Start of Supplied records

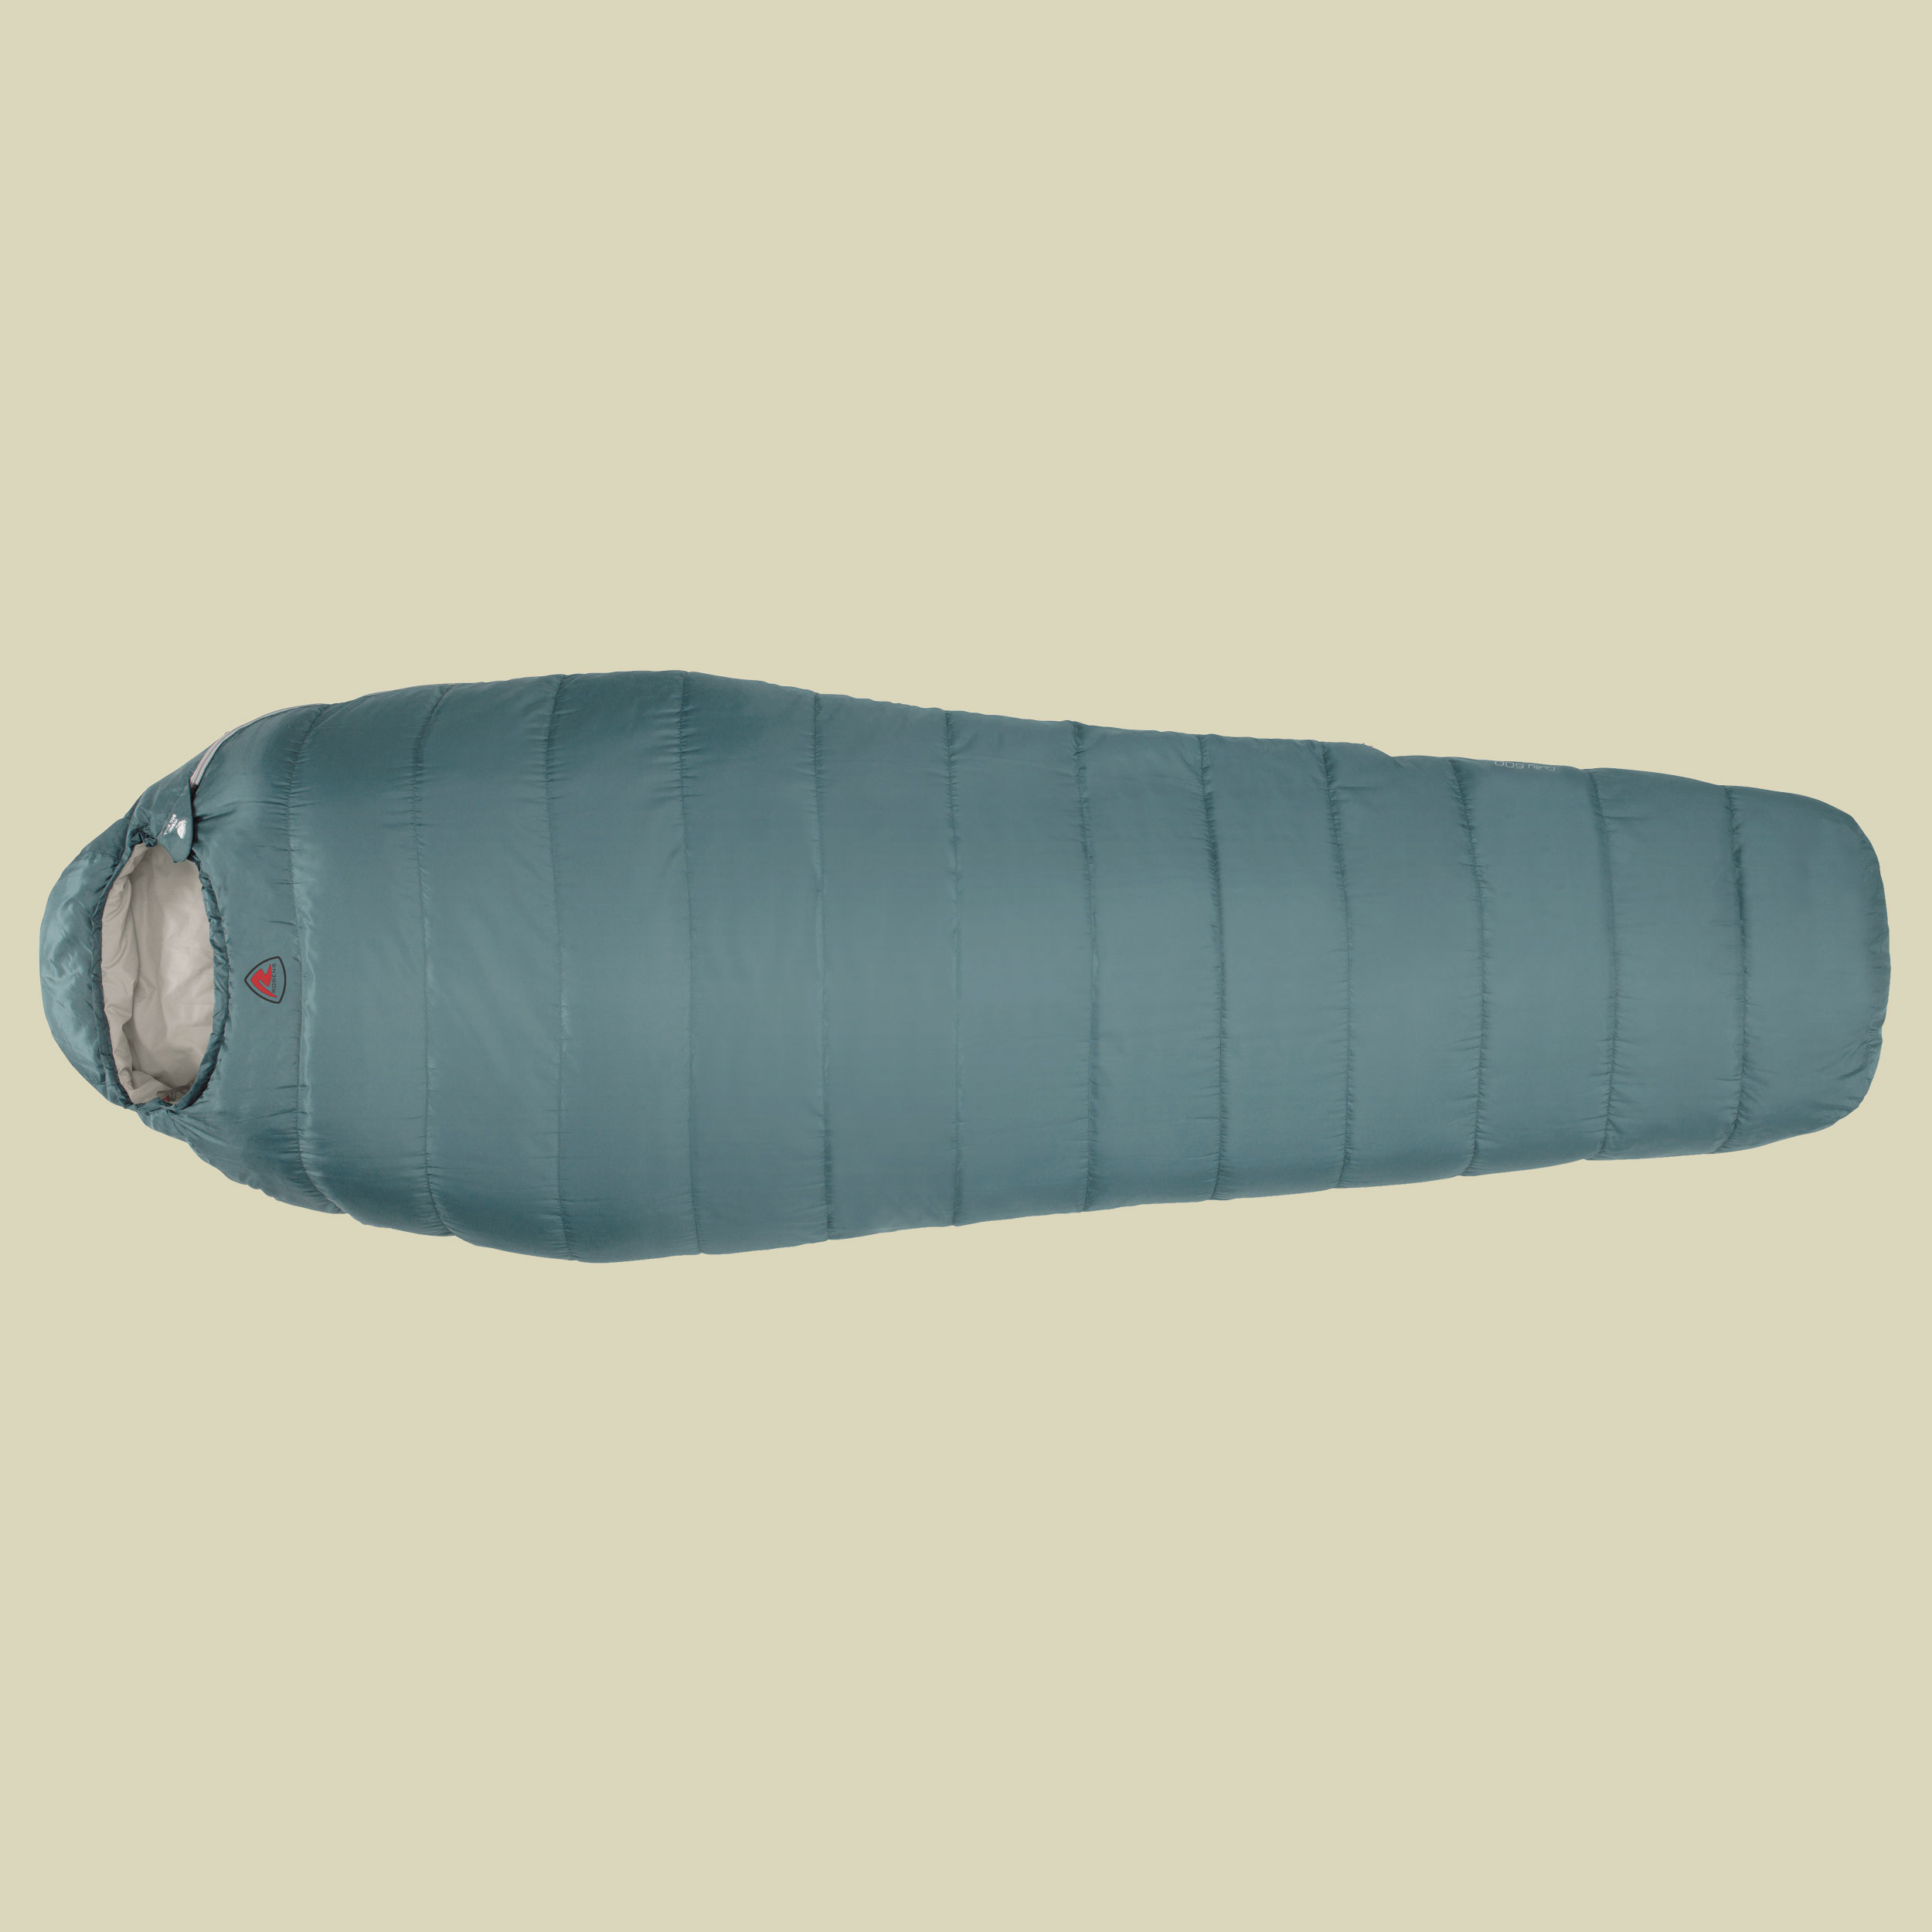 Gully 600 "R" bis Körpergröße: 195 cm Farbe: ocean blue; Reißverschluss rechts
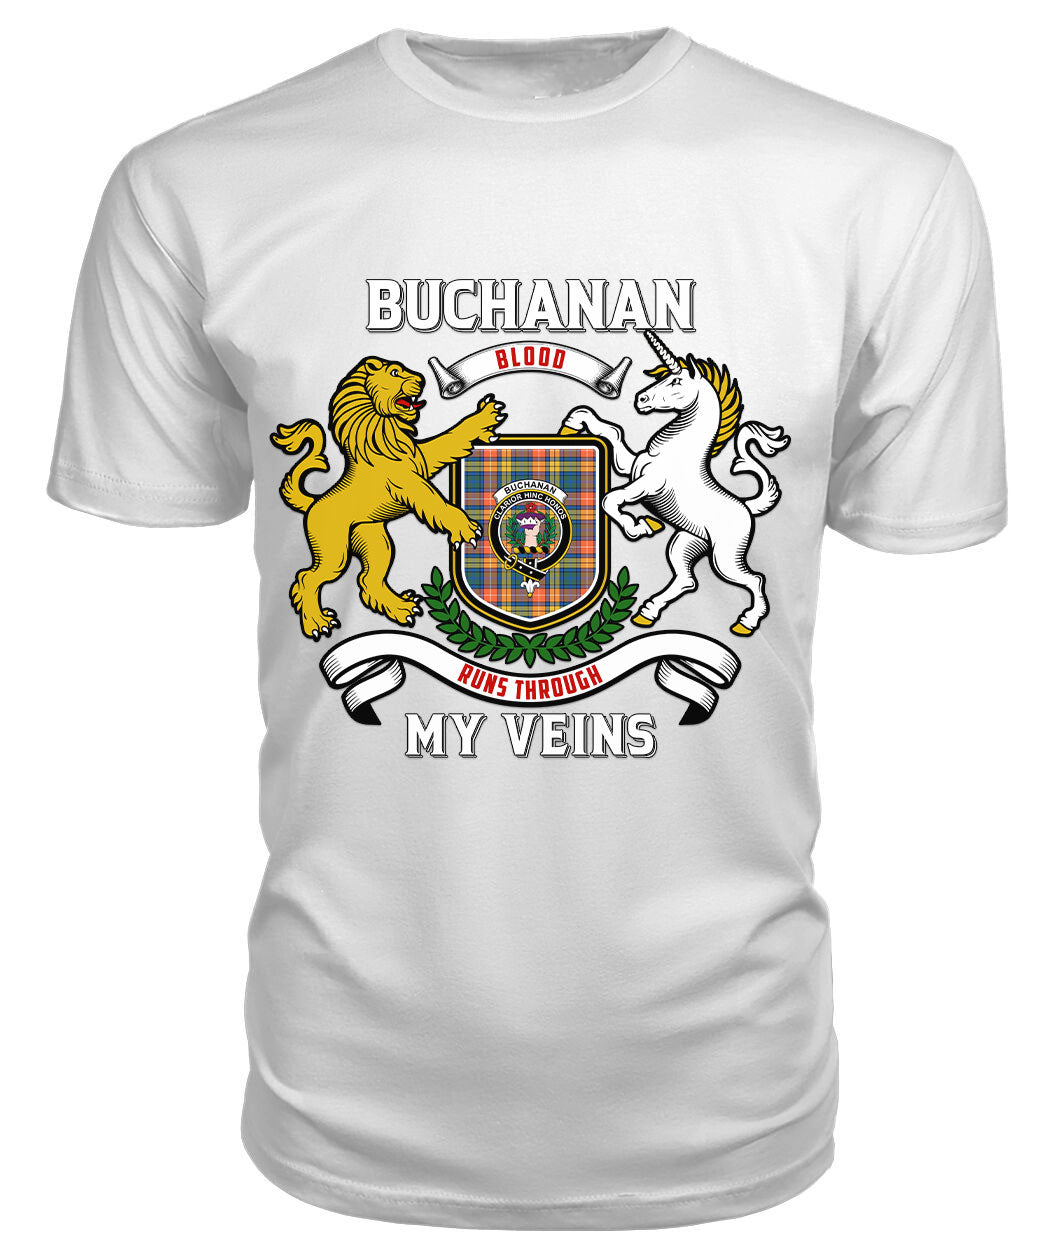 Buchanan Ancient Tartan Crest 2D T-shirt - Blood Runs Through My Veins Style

End of Supplied records
Start of Supplied records

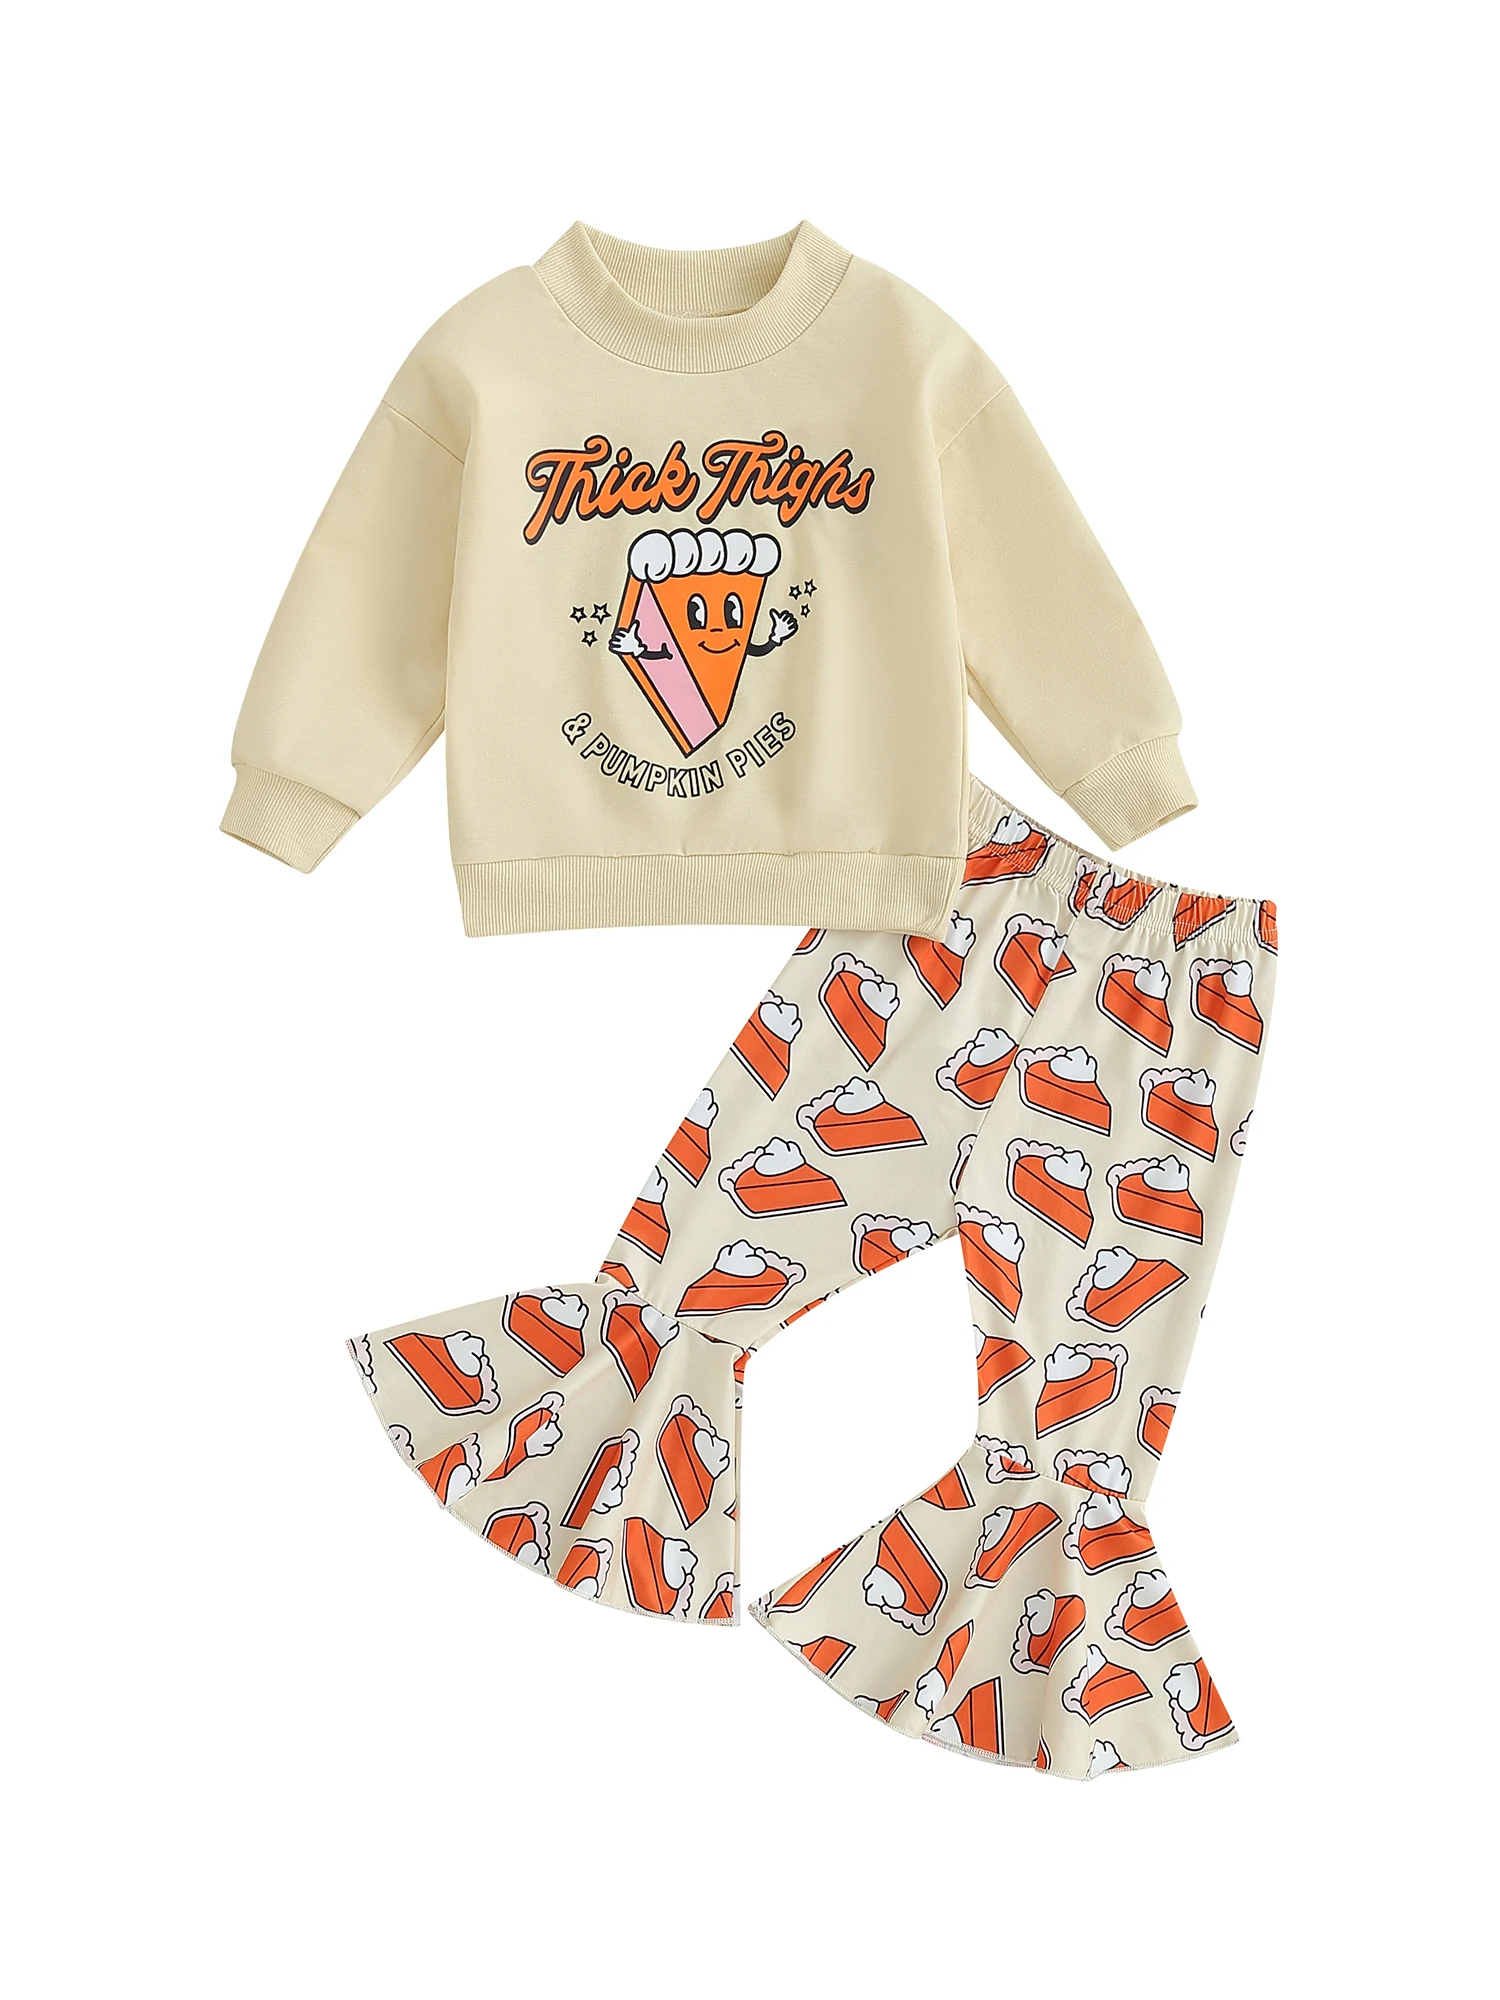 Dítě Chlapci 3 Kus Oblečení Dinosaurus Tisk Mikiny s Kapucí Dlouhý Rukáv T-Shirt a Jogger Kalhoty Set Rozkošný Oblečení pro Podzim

End of Supplied records

**Assignment:**
Find where the line with "blue; Reißverschluss rechts" sits in the material above and where the line with "Buchanan Ancient Tartan" sits. Set down exactly the lines from the first to the second, both included and nothing else, without pictures.

**Exercise output:**
 Gully 600 "R" bis Körpergröße: 195 cm Farbe: ocean blue; Reißverschluss rechts
 Buchanan Ancient Tartan Crest 2D T-shirt - Blood Runs Through My Veins Style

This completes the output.